При технической демократии нестабильность государства становится организационным принципом
, революция технологизируется и превращается в рутину. Такая техническая демократия есть, по существу, лишь узаконенная форма и рецепт систематического и легитимного (общественно приемлемого) осуществления государственных переворотов мирными, бескровными средствами. Точнее, то, что раньше было государственным переворотом, теперь становится регулярным перераспределением власти над свободными и господства над рабами в рамках правящего класса с неясными, размытыми, непубличными границами — ведь сословием он себя не признаёт.Техническая демократия не имеет ничего общего с распределением «долей власти», которыми обладал римский или греческий гражданин. При сущностной демократии Древнего Рима выбиралось огромное число должностных лиц — магистратов. Они обладали несравненно большим объемом полномочий (вспомним, например, о трибунах, обладавших правом вето), чем представительные
институты технического государства. Собственно, свободные с избирательным правом при технической демократии уже никакой собственной доли власти не имеют — их представляют, то есть считают недееспособными в отношении власти и прав. Рабов — рабочих — и других жителей, не прошедших ценз избирательного права (имущественный прежде всего, расовый, половой, возрастной), не представляет никто, поскольку институт семейной власти отца также сильно урезан или не распространяется на большинство этих лиц.При этом граждан/подданных становится гораздо больше.

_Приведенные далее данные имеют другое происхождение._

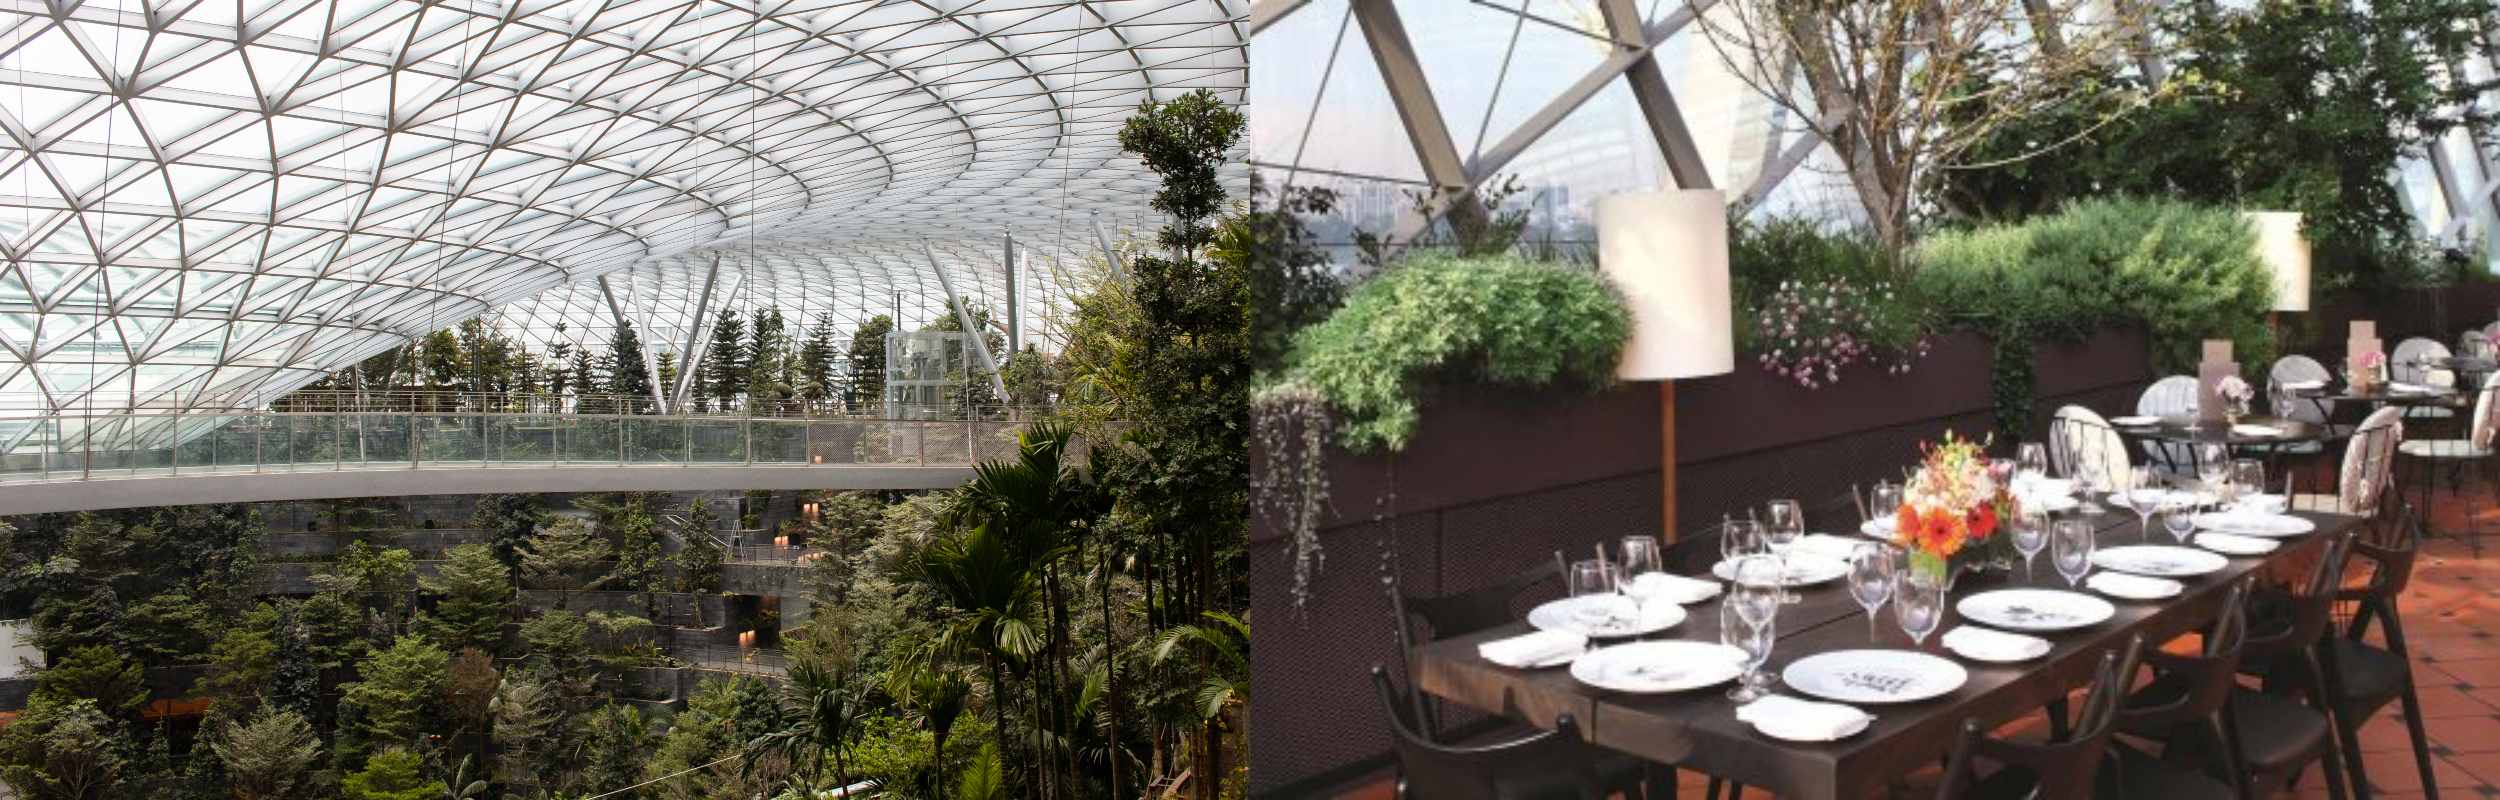 Jewel Changi Airport’s al-fresco dining area and Gardens by the Bay’s Pollen restaurant

Вместо выборных магистратов, непосредственно
осуществляющих власть, работает «государственный аппарат», обеспечивающий управление обществом. Его работники — формально не рабы (как и рабочие), но и они не свободны в социальном отношении. Они обладают властными полномочиями, но сама власть им не принадлежит. Они выступают от лица государства и народа — теперь недееспособных, то есть представительствуют, не будучи при этом ни народом, ни государством, в отличие от магистратов сущностной демократии. Такой государственный аппарат необходимо контролировать извне, и это становится самостоятельной проблемой воспроизводства власти, источником нестабильности государства. Римские же граждане свою свободу и свою власть обеспечивали сами, вне какого-либо внешнего контроля. Но «социальный объём» сущностной демократии по сравнению с империей несопоставимо мал.Государство, подчинённое правящему классу в качестве орудия власти, теряет свою сущность и становится госаппаратом. Буржуазия, уклоняясь от сословной государственной ответственности, никогда не возьмётся контролировать этот аппарат. Напротив, она стремится его коррумпировать, приватизировать его властные возможности в интересах частного обогащения. Буржуазия находит себе символическое убежище в специально сконструированном символизме
— нации, от чьего имени и действует. Нация должна обуздать народ и государство, поглотить их, удивительным образом возвращая общество к племенному, варварскому состоянию, имитируя его. В таком обществе утопией для подчинённого класса становится национализм, возвращающий давно забытые фигуры вождей. Правда, личная доблесть этих вождей весьма сомнительна по сравнению с вождями действительных исторических племён.В империи — подлинном, универсальном, воспроизводящемся в истории государстве, не ограниченном нацией, — контроль со стороны центральной власти (императора, суверена) без опоры на сословия невозможен. Сословия входят в тело государства. И нуждаются в народной солидарности так же, как и суверен.
Христианское государство — от которого исторически произошли современные западные страны, что бы они ни заявляли в своих идеологических программах, — брало на себя обязательство обеспечивать идеальную свободу граждан/подданных в общении с Богом в обмен на действительную передачу власти от общества — группы граждан, распределяющих власть между собой, при сущностной демократии — государству. Разумеется, буржуазное техническое государство
, сведённое к инструменту господства и само подчинённое непубличной политической монополии капитала (это и есть капитализм как общественный строй), уже не может быть христианским и открыто антиклерикально.Техническая демократия, сочленённая с техническим государством, созданная в конце XVIII века в западных государствах (прежде всего в Нидерландах, Англии, Франции и США), соблазнившая российский правящий класс и образованных людей России в XIX веке, была явлением сугубо цензовым, что до известной степени роднит её с демократией сущностной, греко-римской.